Description of the task — Your answer must be the full listing, reproduced exactly, minus any pictures.

Information supplied —
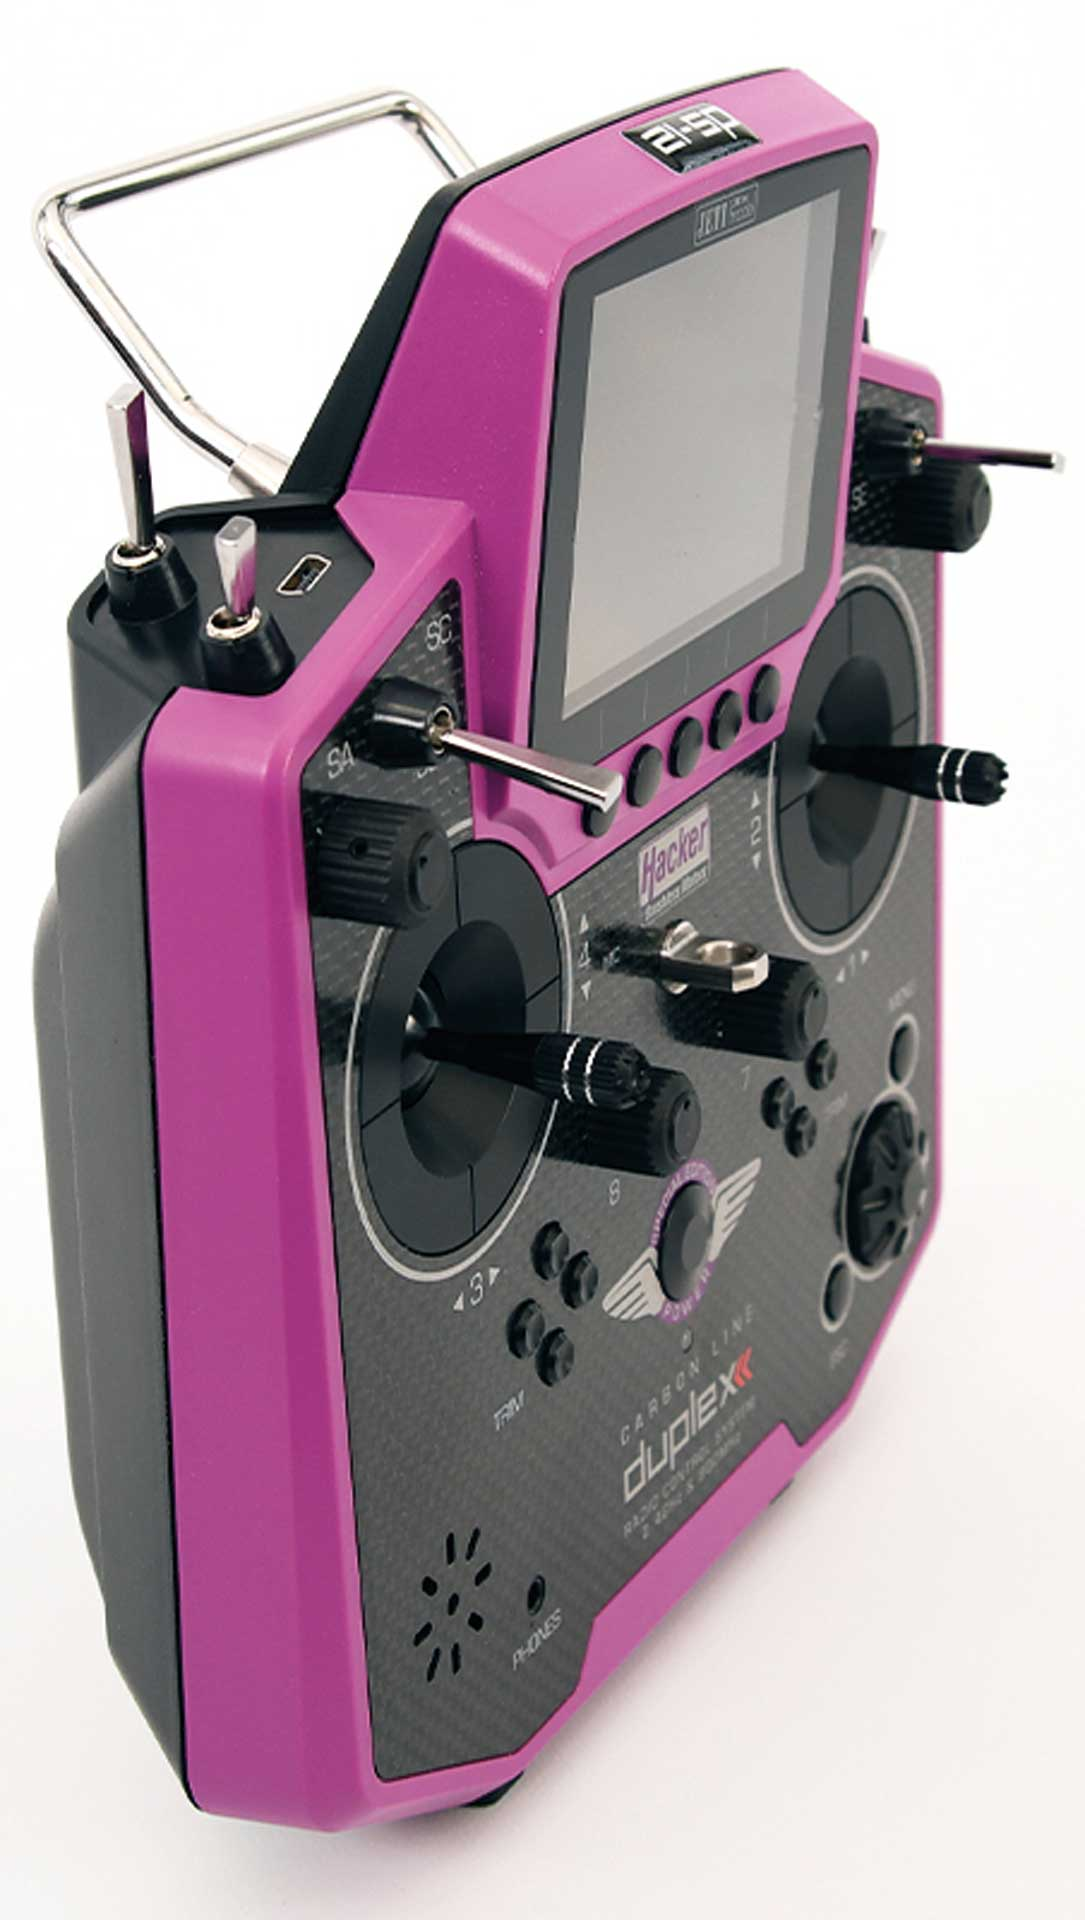 JETI DS-12 Duplex Handsender Special Edition Carbon Purple Multimode
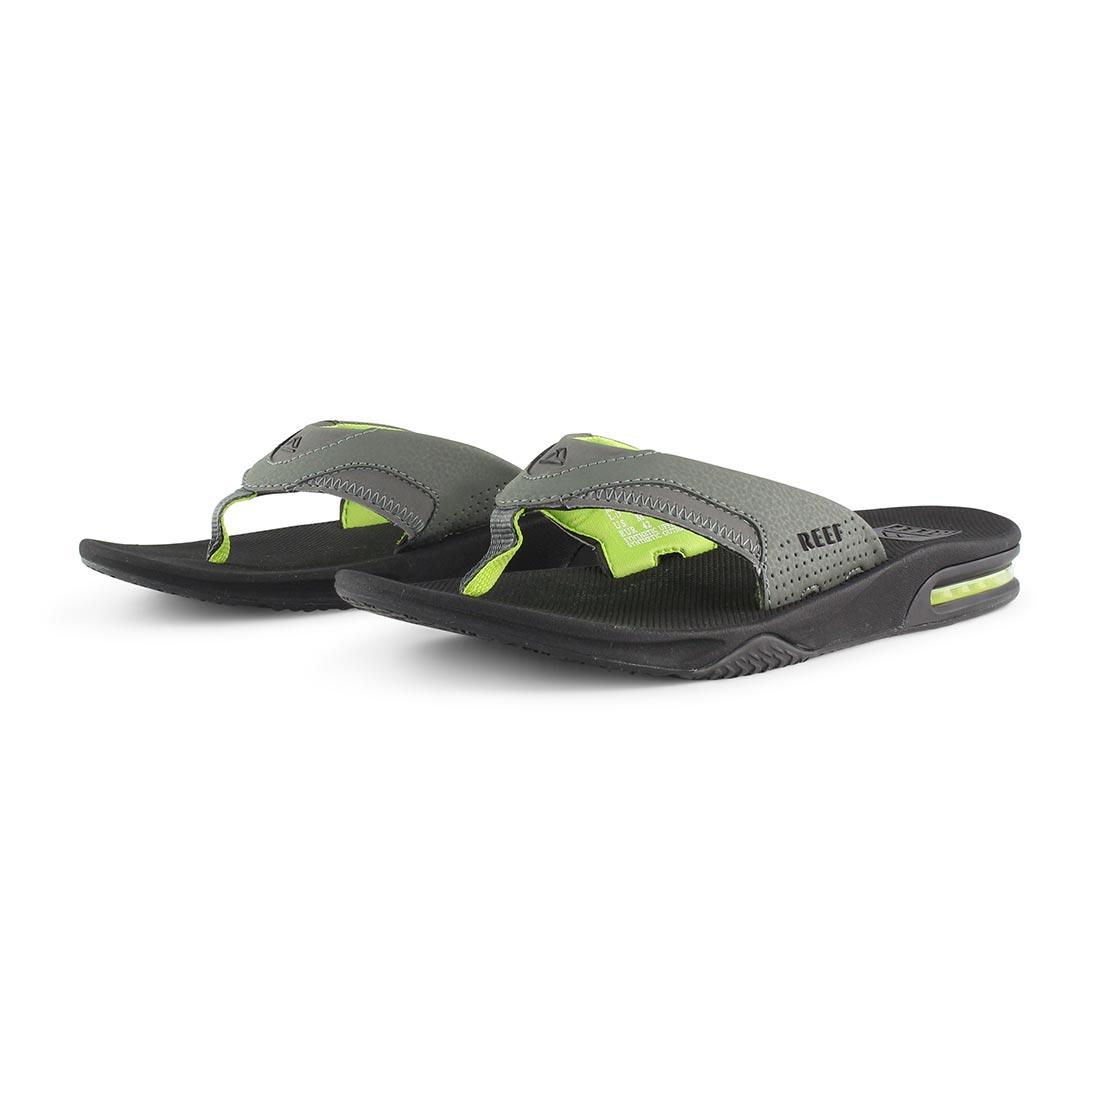 e1eba9bf69ff reef fanning green Reef Fanning Sandals - Black   Green
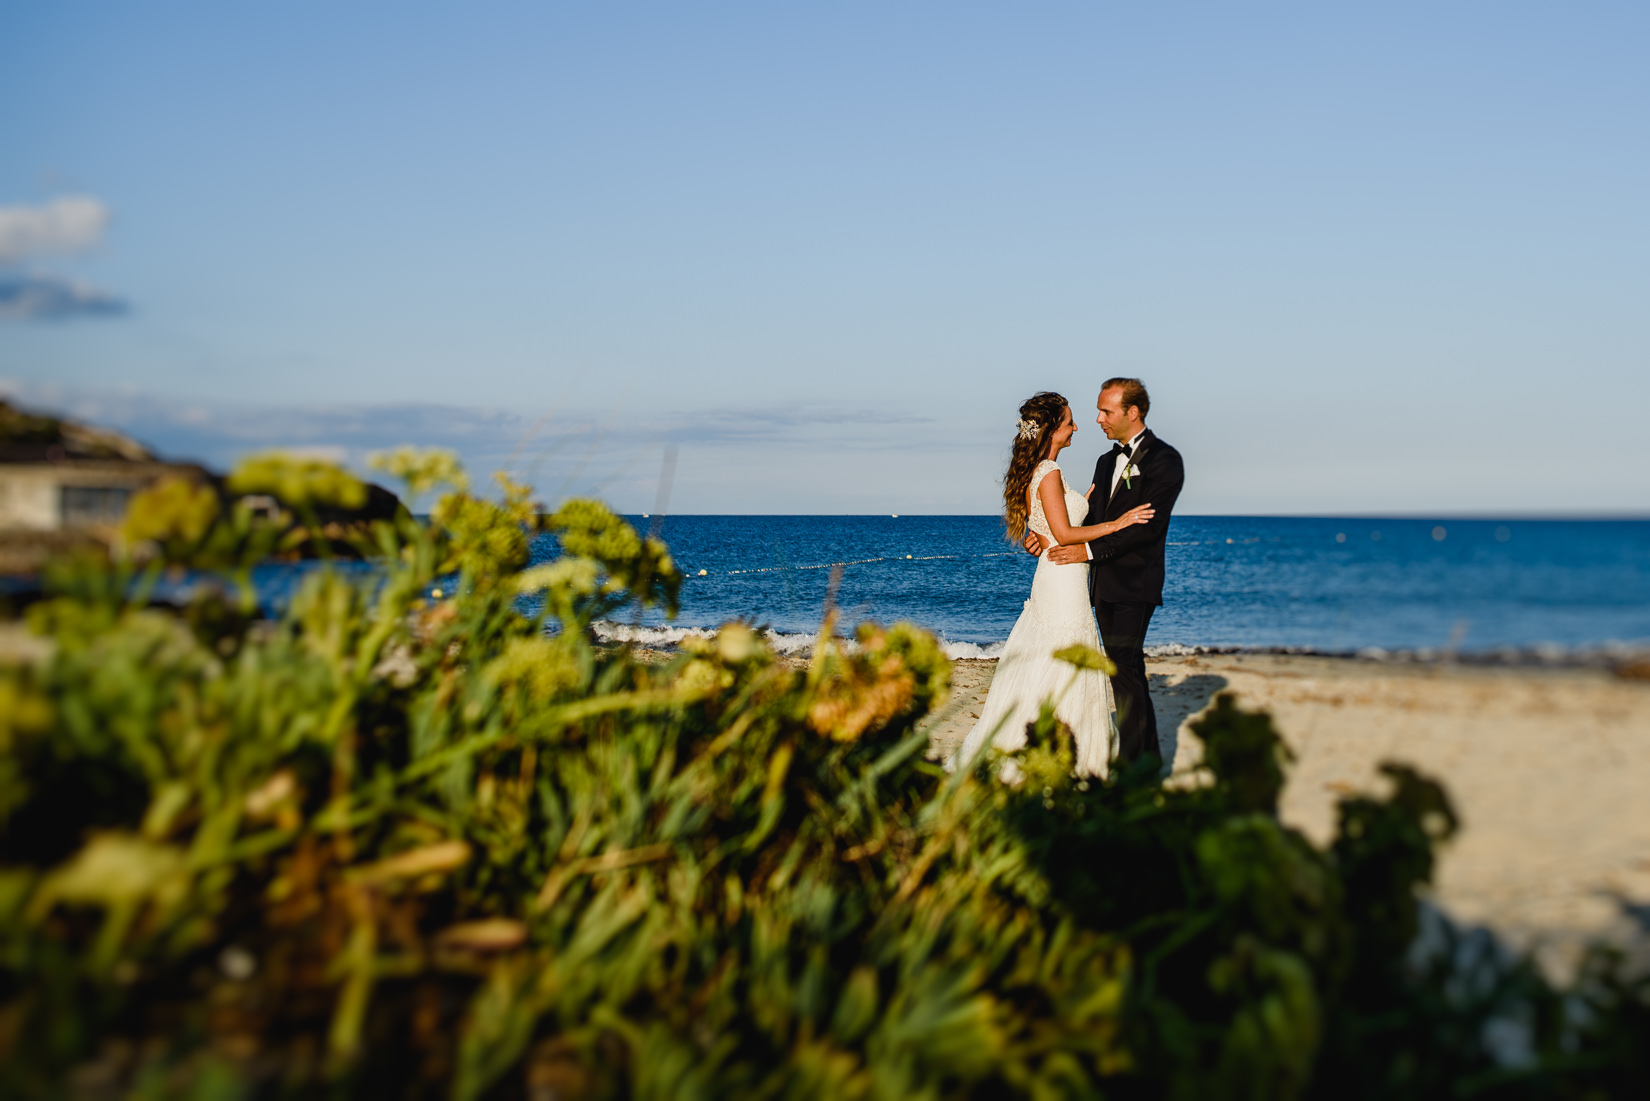 wedding-la-escollera-42.jpg

Worked solution —
 JETI DS-12 Duplex Handsender Special Edition Carbon Purple Multimode
 e1eba9bf69ff reef fanning green Reef Fanning Sandals - Black   Green
 wedding-la-escollera-42.jpg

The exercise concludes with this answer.